İbn Tolun Camii'nin minaresi, dış avlunun kuzeyinde mihrap ekseninden hafifçe sola kaymış olarak yer alır. Taşla inşa edilmiş olan minare bu malzemesiyle tuğla yapıdan farklıdır. Geniş kare kaide üzerinde yükselen minarenin merdivenleri dıştan dolanmaktadır. Memlük dönemine ait üst kısmı ise "mebhare" (buhurdan) denilen türde silindirik gövdeli ve dilimli kubbecikle örtülüdür. Sâmerrâ'daki dıştan merdivenli minarelere benzeyen ve bu haliyle orijinal olan minare bir köprü ile camiye bağlanmaktadır. Bu köprü ve minare cephelerindeki kemerler Endülüs tarzındadır. Bunlar muhtemelen Sultan Lâçin tarafından yaptırılan tamir sırasında ele alınmıştır. Sultan Lâçin İslâm fıkhındaki dört mezhebin eğitimini, hatta tıp eğitimini de camiye sokmuştu. Ayrıca bir sıbyan mektebiyle bir sebil yaptırmışsa da bunlar günümüze ulaşmamıştır.
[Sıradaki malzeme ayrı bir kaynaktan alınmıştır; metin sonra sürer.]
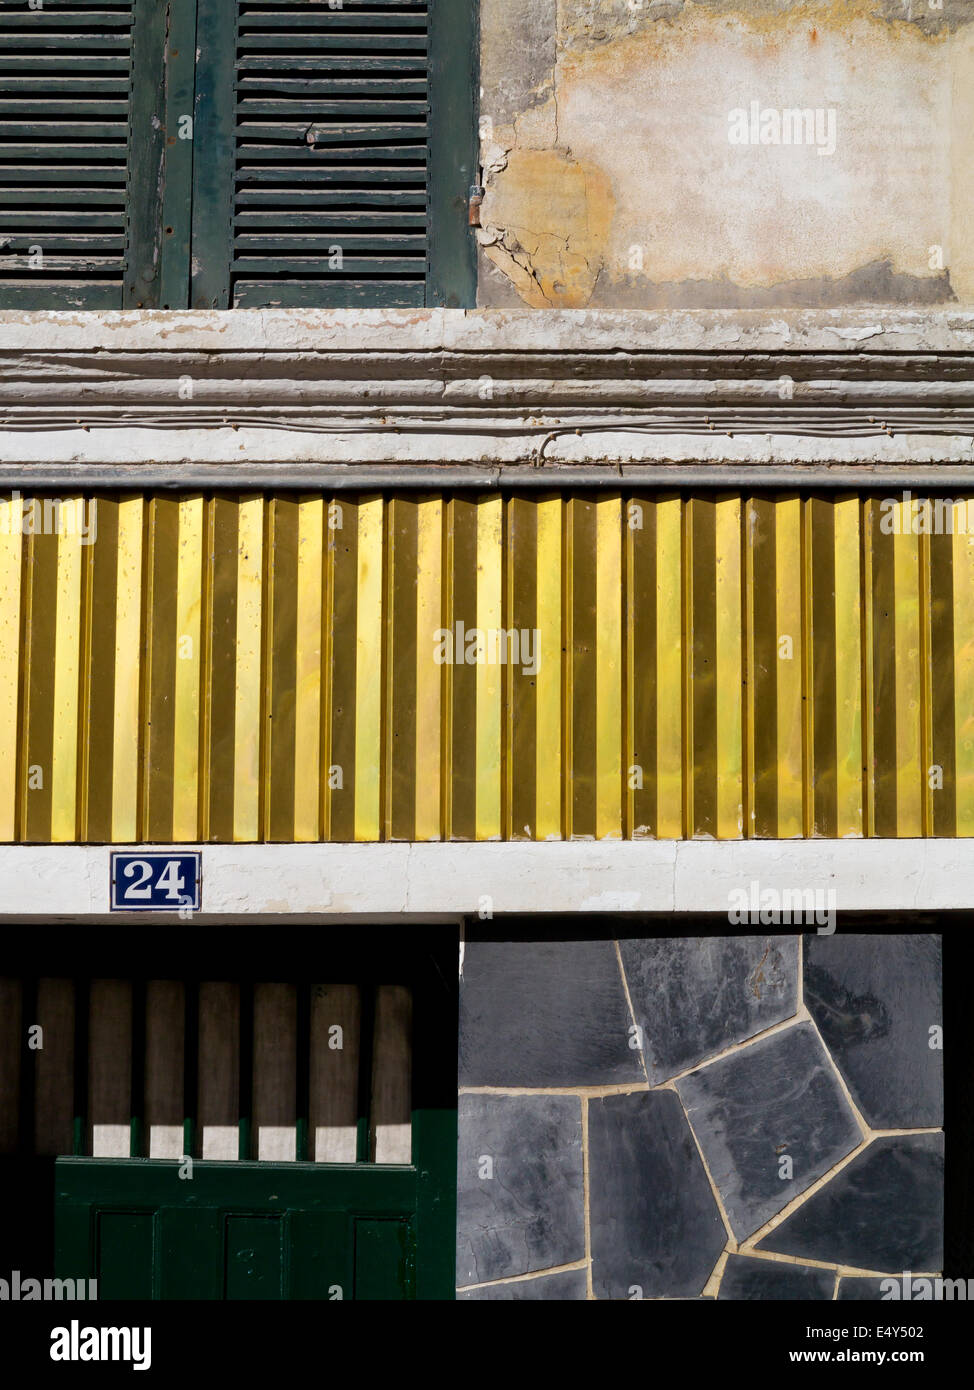 Visión abstracta de una casa con puertas y contraventanas de Pons el suroeste de Francia, con diferentes texturas Imagen De Stock

İbn Tolun Camii'nin tezyinatı, Bizans hâkimiyetinden kalan tesirlerin yanı sıra Sâmerrâ üslûbunun etkilerini de kuvvetli bir şekilde gösterir. Orijinal olarak teşhis edilen pencere şebekeleri Şam'da Emeviyye Camii'ndeki şebekelere benzemektedir. Bunlarda görülen daire esaslı geometrik şemalar geç klasik Bizans geleneğinin tipik şemalarıdır. Avlu etrafındaki kemerlerde yer alan çok çeşitli tasarımlar, Sâmerrâ üslûbunda bitkisel dolgulara sahip olmalarına rağmen Bizans geleneğine de bağlanır. Kemerleri çevreleyen alçı şeritlerin de ahşap kapılarda görülen ve Sâmerrâ üslûbu olarak bilinen eğri kesim tekniğinde süslemeleri vardır.